Поспешно садится, раскрывает блокнот и зажимает уши ладонями. Раздается скрежет звонка.
Из фамилий учеников он запомнил лишь одну, Старобрянского, и каждый раз одинаково острил: «Вот погодите, отстроим заново освобожденный Брянск, и тогда вам, мой юный друг, придется сменить свою фамилию на Н о в о б р я н с к и й! То есть я вас и не спрошусь, возьму классный журнал и напишу «Новобрянский». — Он улыбается этой известной своей всегдашней шутке, зажмурившись, просветленно говорит: — Вызову вас к доске: «Новобрянский (ха-ха-ха! — смеется, радуется своему остроумию), а ну-ка нам, пожалуйста, бином Ньютона…»

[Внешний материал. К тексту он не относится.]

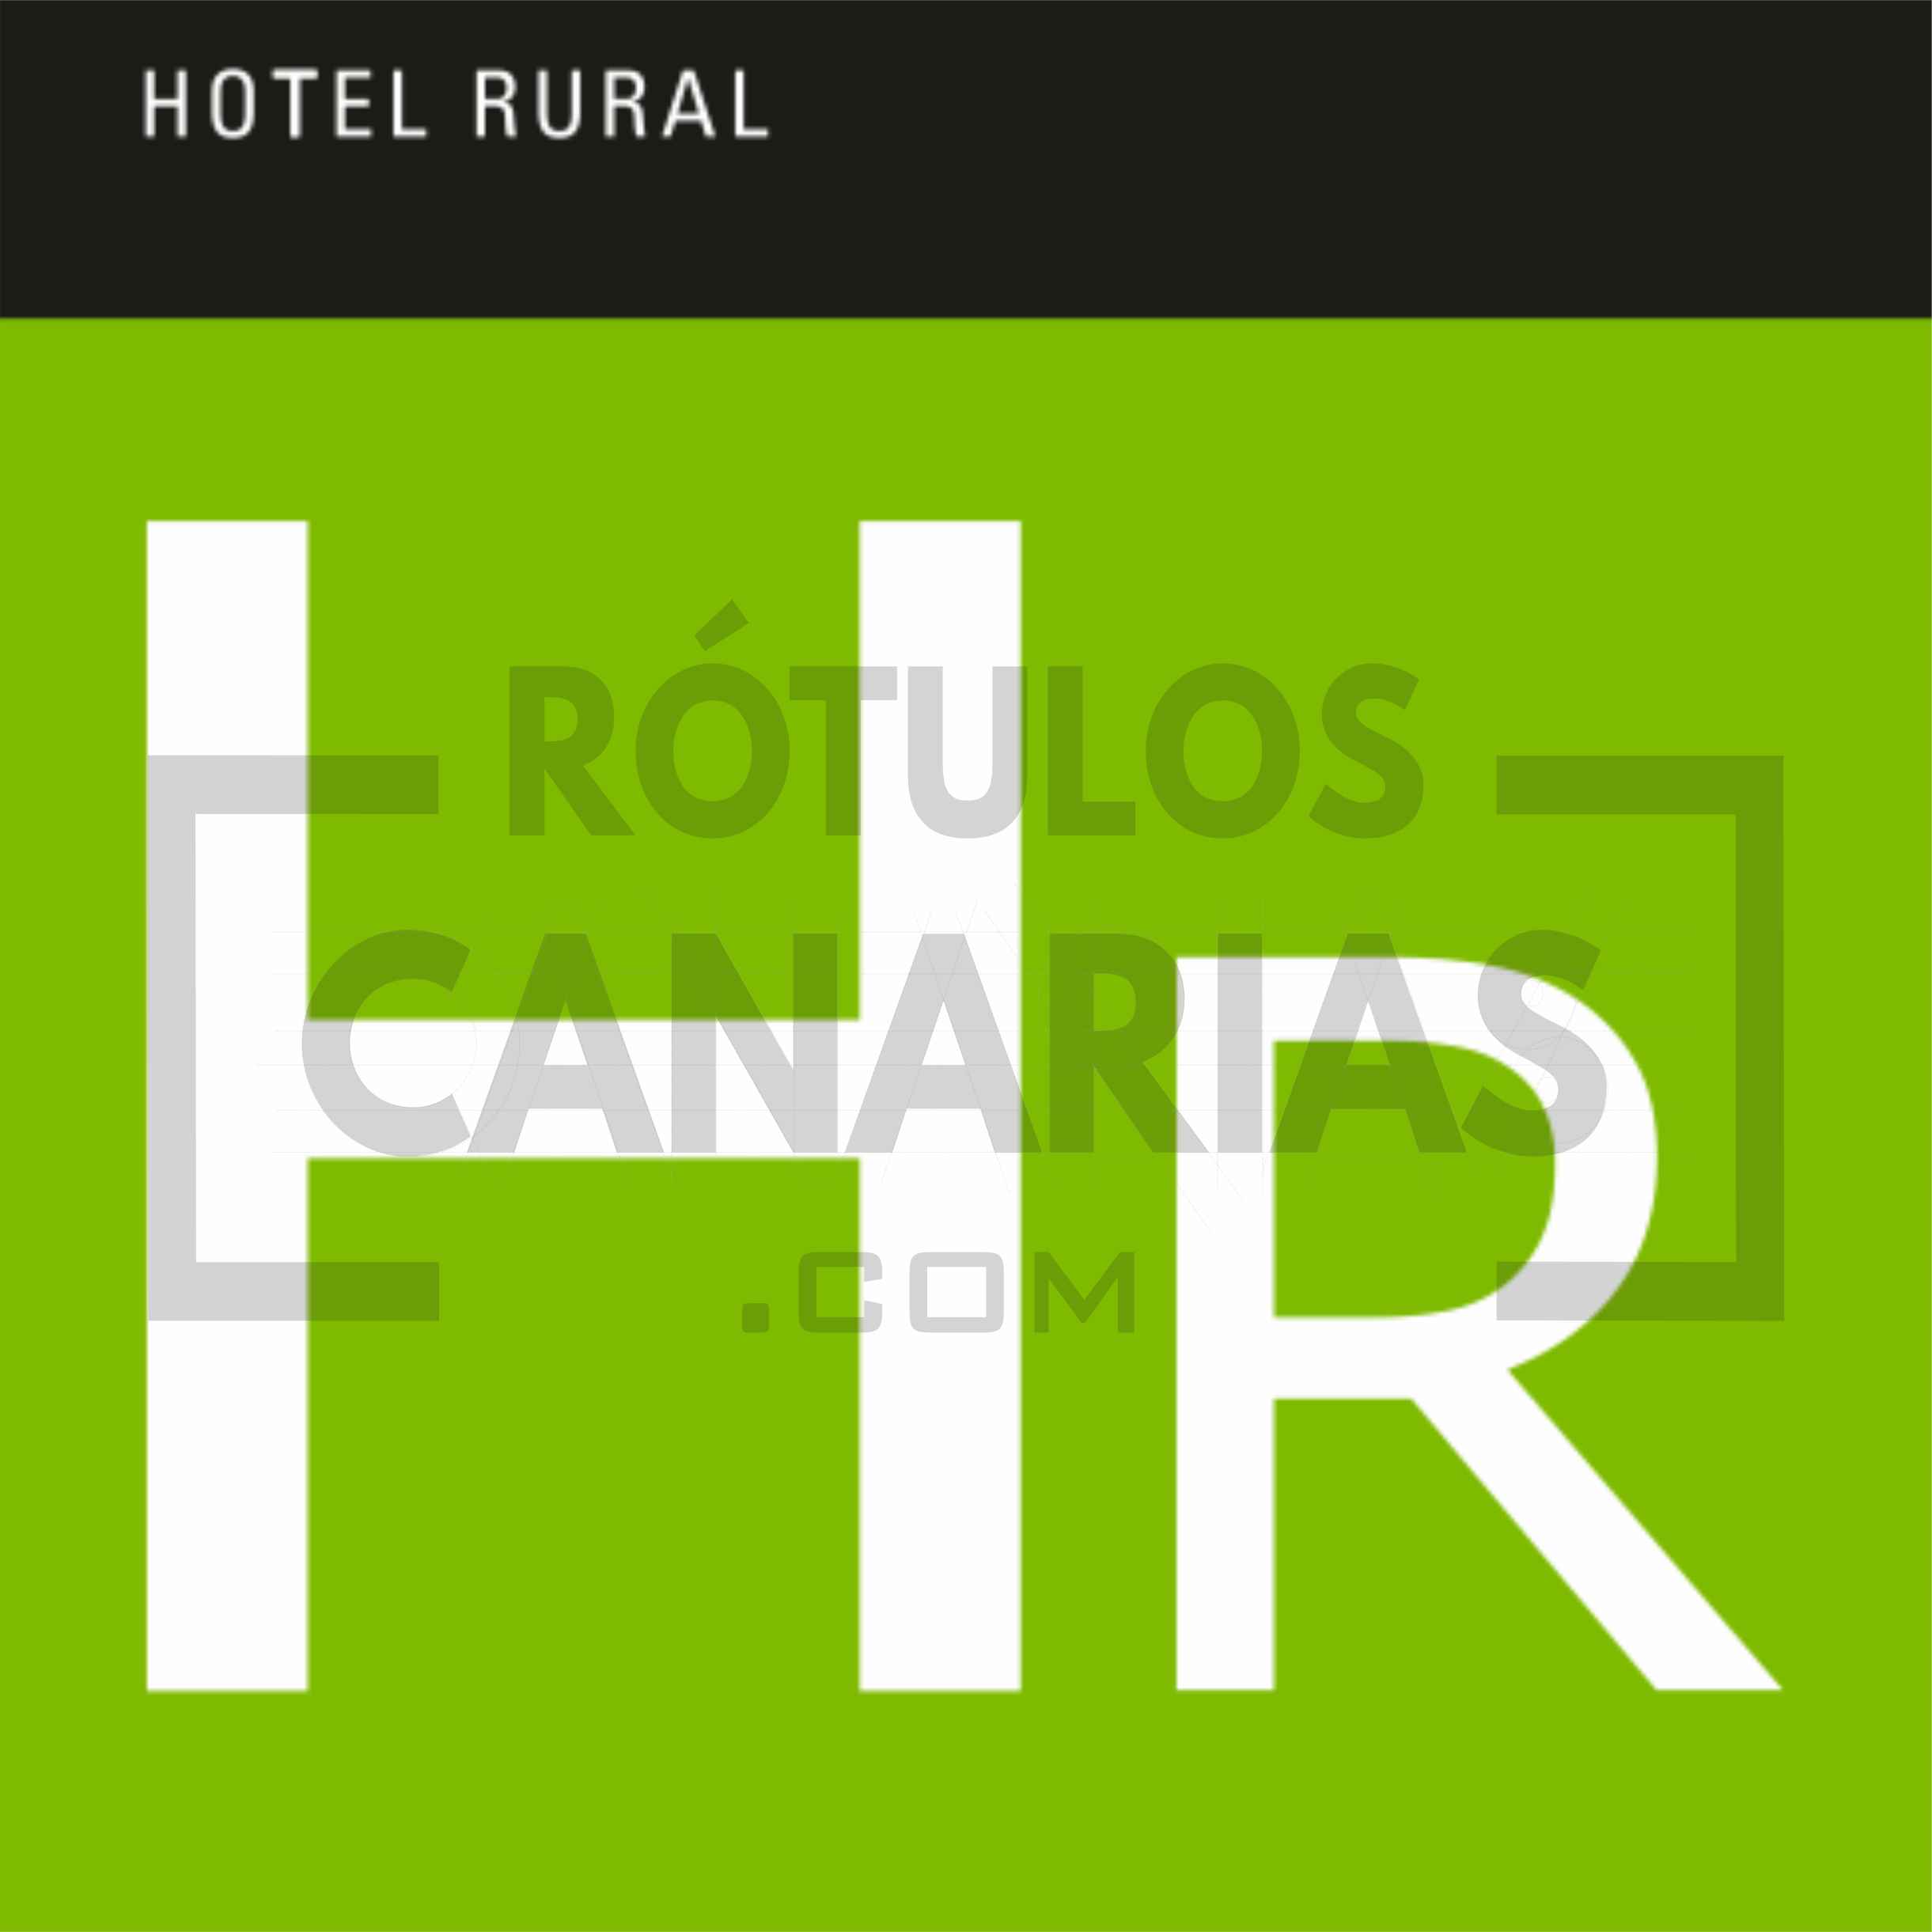 Placa de hotel rural

Рассказывали, что работал он в каком-то институте и согласился вести уроки, соблазненный мешком картошки, который директор школы выдал ему из собственного подвала в виде ДП. Директор пошел на эту непомерную трату, поскольку математики в Москве были редки, а программа оказалась под угрозой.
В начале четвертого урока уже сумерки.
— Не видно! — крикнули сзади.
— Не видно ничего!
Рывчик оторвался от доски.
— Действительно, дети, совсем потемнело. Надо зажечь свет.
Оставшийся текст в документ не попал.